Женщина наконец наткнулась зрачками на зрачки Мишки. Его изнутри опахнуло диким кипятком. Хорошо, что быстро отвела глаза.
Он протянул кулек. Упрятал деньги за голенище.
– Кушайте на здоровье.
Следил, как подол белого платья метет пыль.
– А я из Дубовой Рощи, – хитро сказала баба и накинула на желтые волосы серый платок.
– Так ты наша! Буянская. Рядом.
– Да, рядышком.
Мишка наклонился, снял с ведра капустный лист, цапнул скрюченными пальцами верхний груздь, зажевал.
– Отменный посол. Умеешь. Я тебя в Дубовой Роще найду.
– Заплутаешь искать!
– Не заплутаю. Солдатка?
– Догадался…
– А я догадливый.
…Тогда же вечером Мишка, как на водопой, притек в Дубовую Рощу и бабу разыскал. Изба на окраине, три куры лениво траву щиплют перед незатворенной калиткой. Баба сопела и всхлипывала под ним, а ему его тело казалось чугунным и ржавым. Чугуннее, тяжелее всего давило и гнуло внизу живота. Когда избавился от темной тяжести – закричал облегченно, радостно. Баба наложила потную ладонь ему на орущие губы и зашипела: тише ты, чумной, живность перебудишь, а ну бык взыграет. «Я сам бык», – довольно выдохнул Мишка, привалился щекой к щеке бабы и тут же уснул. Баба выползла из-под него, горячего, как из печки, и, пока он спал, напекла блинов на воде, из грубой серой муки. Добыла из буфета банку меда. Марлю развязала. Смазала блины медом: масло все на жарку извела. Мишка во сне раздувал ноздри, чмокал, как младенец. Баба свернула трубочкой блин и поднесла к сонному рту. Мишка ел блин во сне, глотал, не давился, глаза не открывал. Улыбался.
* * *
По весне Мишка посватался к новобуянской красавице Наталье Ереминой.

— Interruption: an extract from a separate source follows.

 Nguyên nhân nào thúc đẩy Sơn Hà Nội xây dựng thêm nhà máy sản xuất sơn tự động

Сам не знал, как это все вышло. И не то чтобы он на девку заглядывался. И она на него не косилась. И не танцевал он с ней в широкой, для веселья слаженной, избе знахарки Секлетеи; и не увязывался за нею на Волгу или на Воложку, плавно, ласково обтекающую кудрявый от ракит и густых осокорей Телячий остров. Не леживали они близко на желтом жарком песочке, не обнимались под старым вязом за околицей. Ни отцу, ни Софье Мишка не говорил про Наталью ничего. А вот однажды утром поднялся, вылил на себя за сараями, босыми ногами стоя на нестаявшем в тени снегу, ведро колодезной воды, крепко и зло растерся холщовым полотенцем, нацепил чистую рубаху, заправил под ремень в чистые портки, полушубок накинул – и, с мокрыми еще волосами, попер по месиву грязной, в лужах, дороги, по распутице, в дом к Ереминым.

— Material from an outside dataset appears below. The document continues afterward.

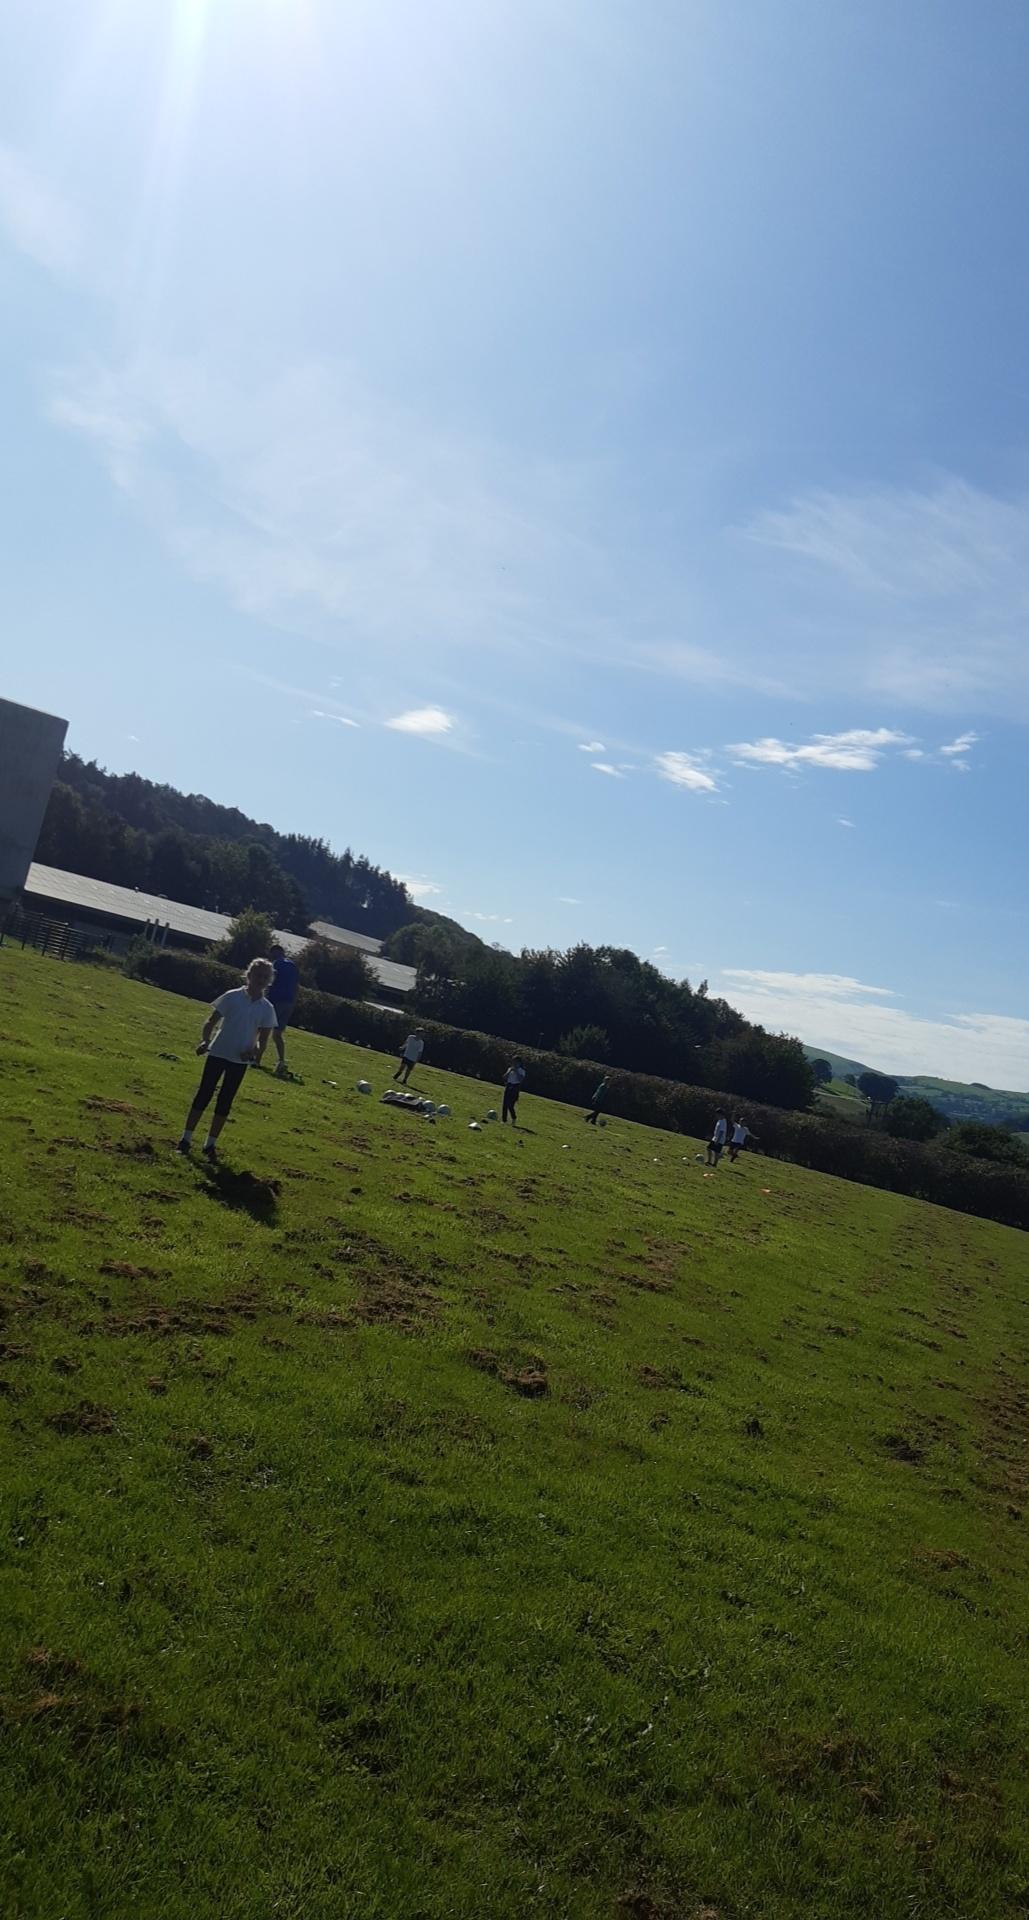 Children in a field

Еремины богатыми слыли. Павел Ефимович держал маслобойку и домашнюю мельницу. Батраков, правда, не держал: семья большая, все работали, даже маленькая Душка скотине корму задавала, а еле вилы поднимала. А малютка Галинка на Волгу полоскать белье ходила: к корзине веревку привязывала и так волокла – по траве ли, по снегу. Выполощет, руки холодом водяным ей сведет, греет их дыханьем. Потом опять корзину тяжелую, с мокрым бельем, тащит в буянскую гору.